It is caused by a trivial bug ttat is going to fixed soon, however
in most cases there is no need to dump a full stats.

This patch makes possible to select a scope of dumped data by extending
current "show stat" to "show stat [<iid> <type> <sid>]":
 - iid is a proxy id, -1 to dump all proxies
 - type selects type of dumpable objects: 1 for frontend, 2 for backend, 4 for
   server, -1 for all types. Values can be ORed, for example:
     1+2=3   -> frontend+backend.
     1+2+4=7 -> frontend+backend+server.
 - sid is a service id, -1 to dump everything from the selected proxy.

To do this I implemented a new session flag (SN_STAT_BOUND), added three
variables in data_ctx.stats (iid, type, sid), modified dumpstats.c and
completely revorked the process_uxst_stats: now it waits for a "\n"
terminated string, splits args and uses them.
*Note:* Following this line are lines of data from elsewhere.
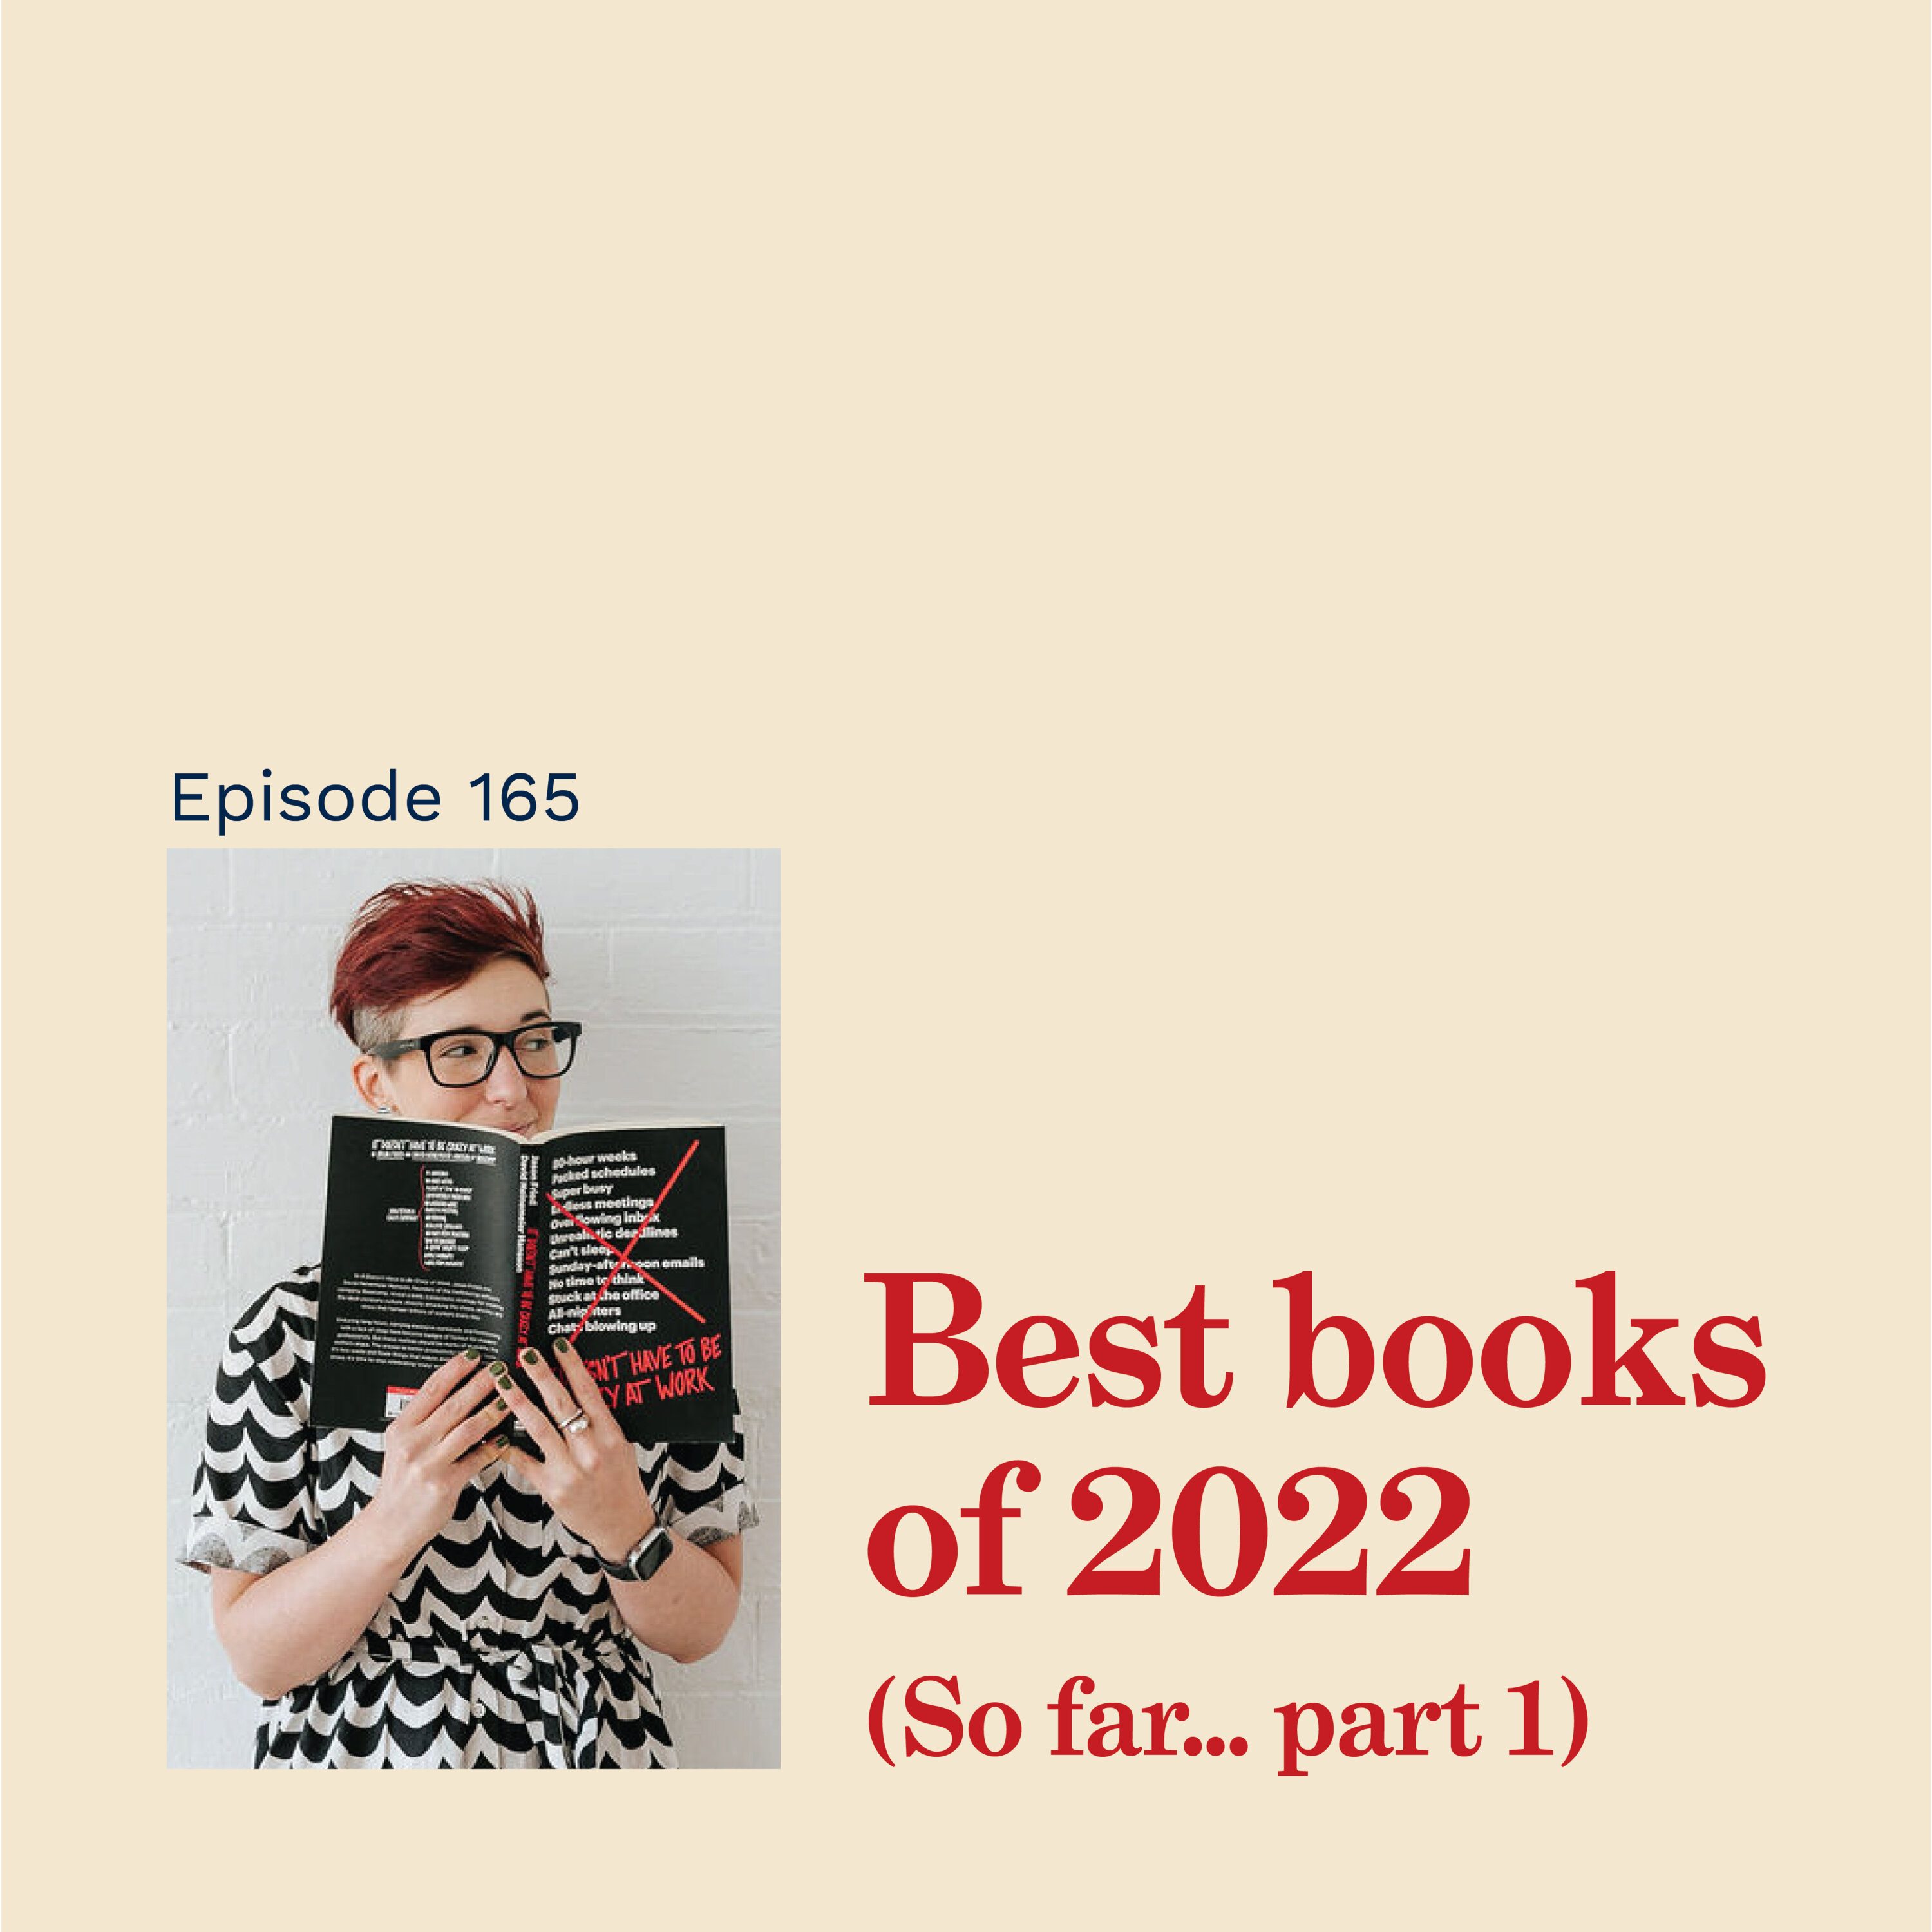 Best books of 2022... so far (part 1) Image
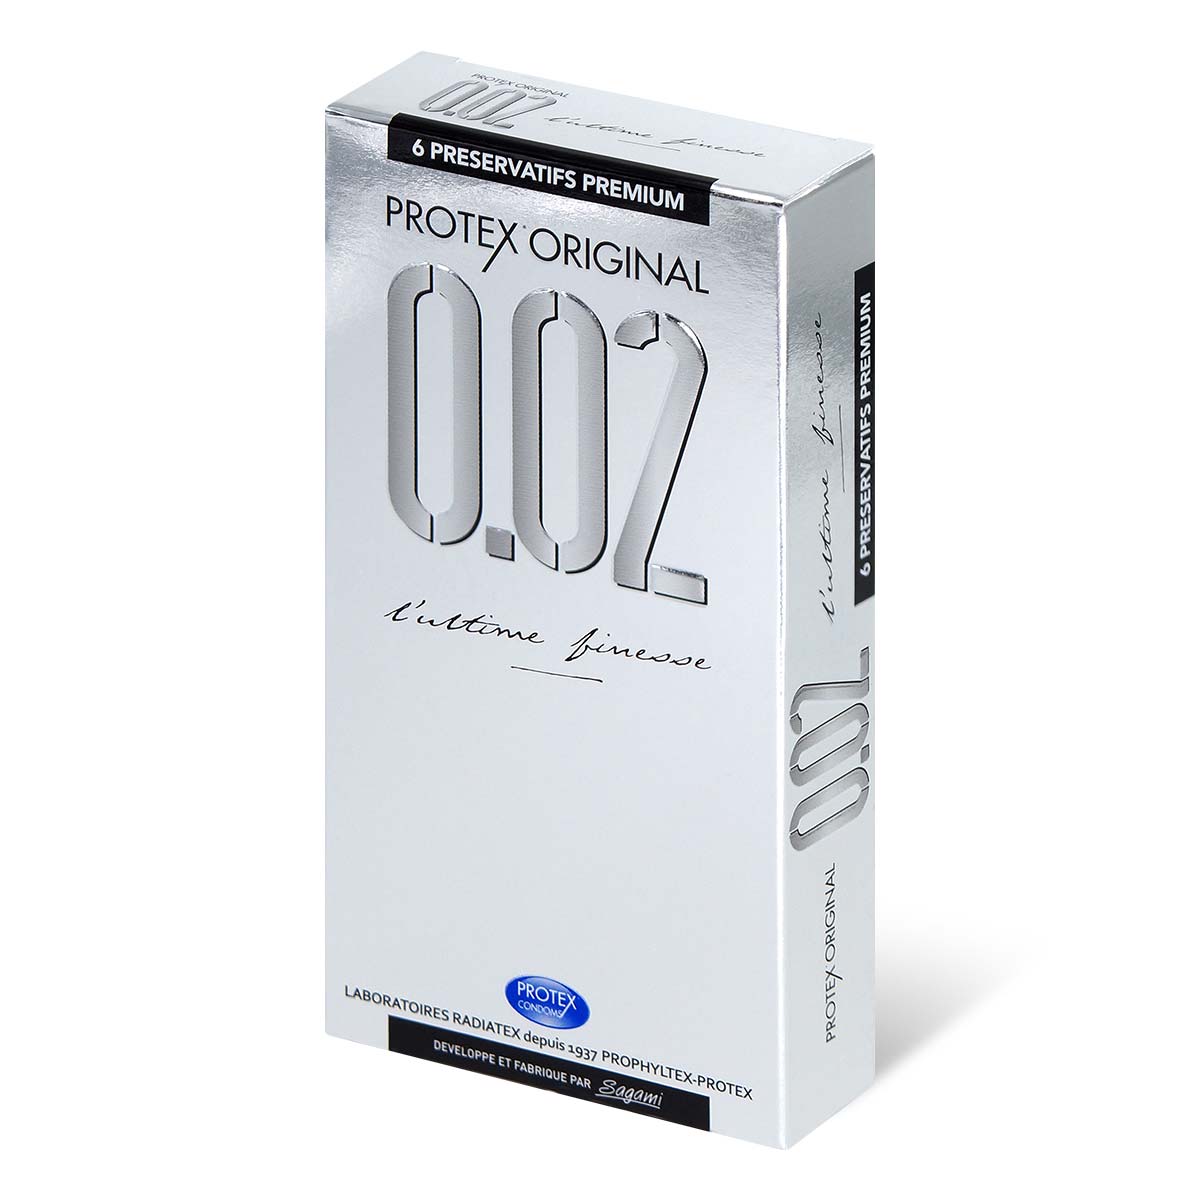 Protex Original 0.02 58mm Ultime Finesse Non-Latex 6's Pack PU Condom-p_1
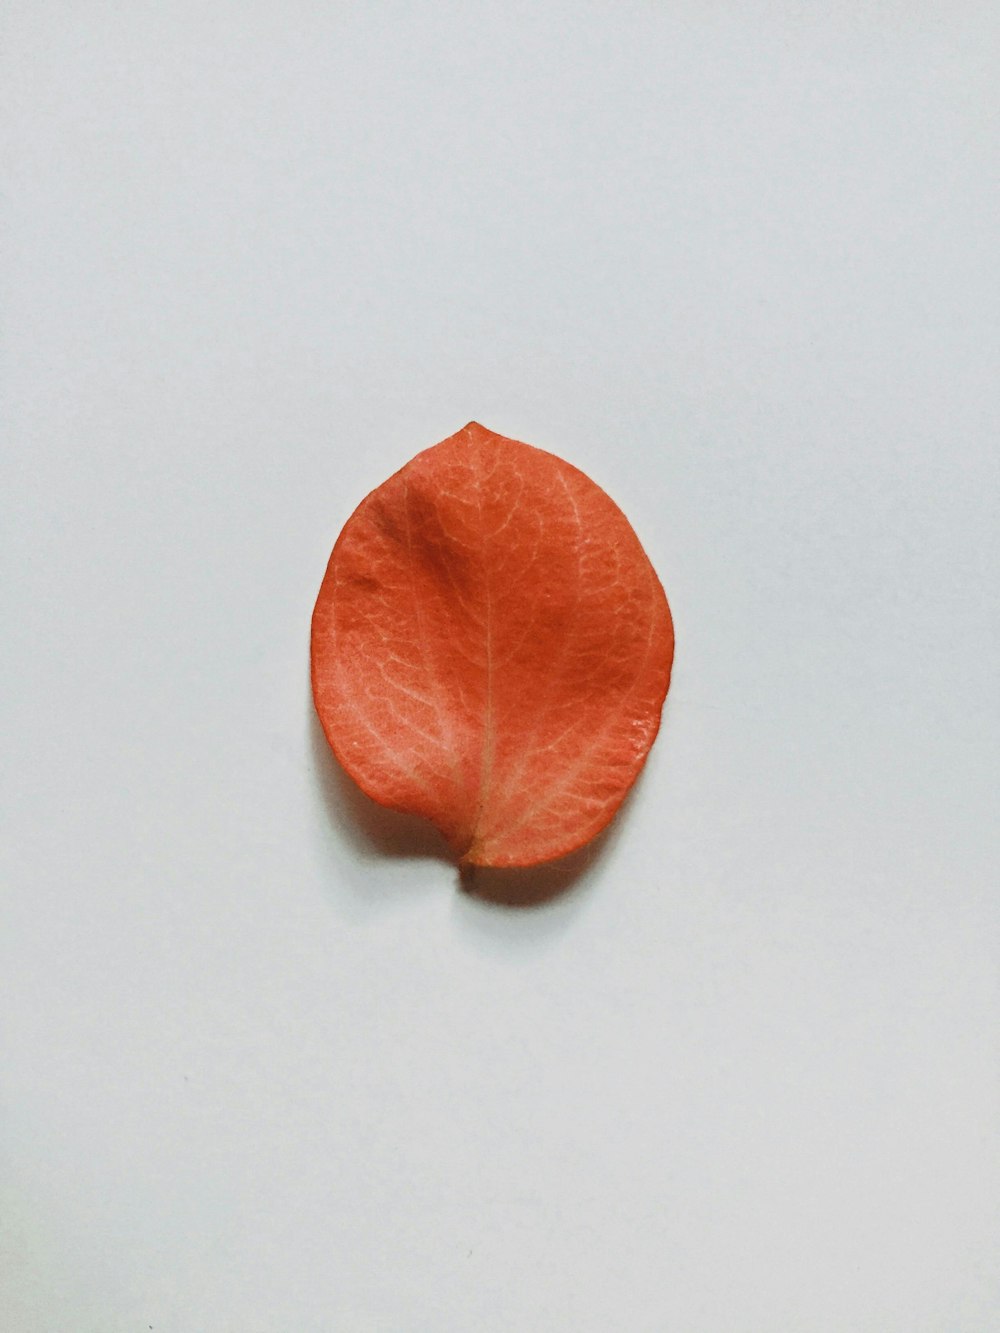 a single orange leaf on a white surface

BTW: It should be quite easy
to add new commands, for example to enable/disable servers, the only problem
I can see is a not very lucky config name (*stats* socket). :|

During the work I also fixed two bug:
 - s->flags were not initialized for proto_uxst
 - missing comma if throttling not enabled (caused by a stupid change in
     "Implement persistent id for proxies and servers")

Other changes:
 - No more magic type valuse, use STATS_TYPE_FE/STATS_TYPE_BE/STATS_TYPE_SV
 - Don't memset full s->data_ctx (it was clearing s->data_ctx.stats.{iid/type/sid},
    instead initialize stats.sv & stats.sv_st (stats.px and stats.px_st were already
    initialized)

With all that changes it was extremely easy to write a short perl plugin
for a perl-enabled net-snmp (also included in this patch).

29385 is my PEN (Private Enterprise Number) and I'm willing to donate
the SNMPv2-SMI::enterprises.29385.106.* OIDs for HAProxy if there
is nothing assigned already.
2008-03-04 06:32:16 +01:00